Below, Hulse offers some of the stories behind his hit songs.
Zach Williams, “Old Church Choir”
We wrote that at Colby’s house. It was very early on with Zach and he was kind of still making trips to Nashville. He wasn’t living here yet. Colby and I had written a few times before, so we got together the night before and started up that chorus. We brought it to Zach and it was a somewhat fleshed-out chorus. I remember very quickly, Zach started adding lyrics and the song happened really fast.
CAIN, “Rise Up (Lazarus)”
Nick Schwarz and I had been writing together a bit and he’s a producer on their project. We had spent all morning chasing a different idea and it wasn’t quite working. Somewhere along the line, someone had the guts to say, “Should we try a different idea completely?” I remember bringing up the title “Lazarus,” and it was just called “Lazarus” at the time. I think right off the bat, the idea of a resurrection song that had more to do with ‘Wake up from your sleep and start living the life you were meant to live’ was an inspiring idea.
There was a lot of things stacked up against that song. When it came out, we were kind of worried. They were one of those bands that had that story, right? Everything was perfectly teed up — and a pandemic hits. Their tour cancels, and we’ve got a song at radio. We’re going, “How is anybody going to even know who they are to add them and play the song?” It wasn’t a rocket ship straight to the top — it moved pretty slow — but the themes in that song really connected and that’s a special part of the story.
Andrew Ripp, “Jericho”
Andrew is one of my neighbors and best friends. There was definitely a journey of him even wanting to release a song at Christian radio. It was a process for him, but it was the song that did it. He’s got a career kind of in pop music. I think at the time, it was like, “Well, maybe we can play in this arena and put a song out every now and then. Maybe it won’t be in the top of the chart because we don’t have a label or whatever, but maybe we can put a song out.” Neither of us expected it to go to No. 1. A lot of doors have opened for him that he’s walking through, so that’s exciting.
That was the first time I ever produced a song, too. I still feel like my main role is being a topliner [songwriter] — but when there’s an opportunity to, it is fun stepping into a different kind of creative space. “Jericho” was doing so well, and we are working on his next record.

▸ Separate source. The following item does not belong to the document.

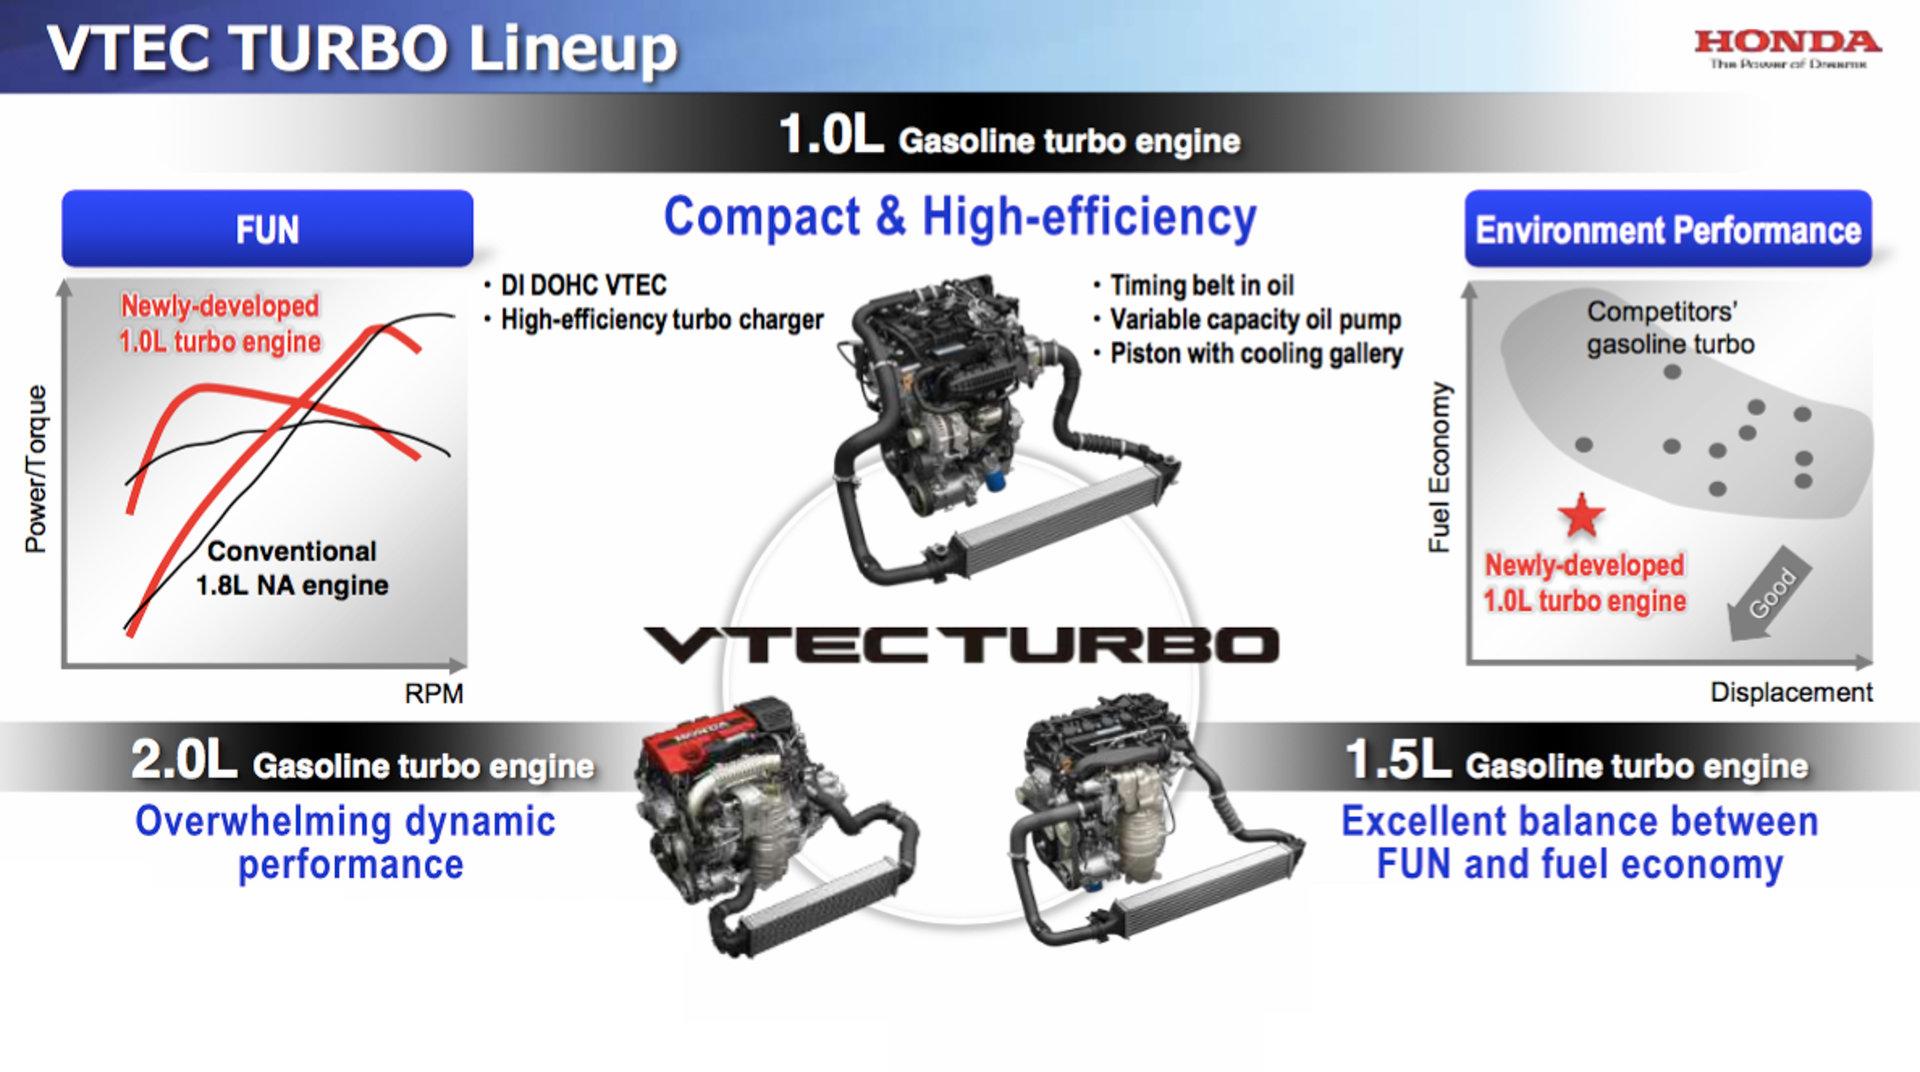 Motor Honda Earth Dreams VTEC Turbo

Jeremy Camp, “Out of My Hands”
That was a chorus that Jeff Sojka and I had. We brought it to Jeremy, and he kept that chorus the same way and wrote a bunch of verses and we were sending it back and forth. We got in the room a couple of times to finish it up. Just that idea of something being out of my hands — which feels out of control — but that’s being painted as a beautiful thing. I just felt like there was a pretty big kind of emotional draw to that for a song. Jeremy just connected with it right off the bat, and I’m so thankful for that. I feel like that shows the trust of an artist-writer relationship, when someone trusts you to bring in a chorus like that.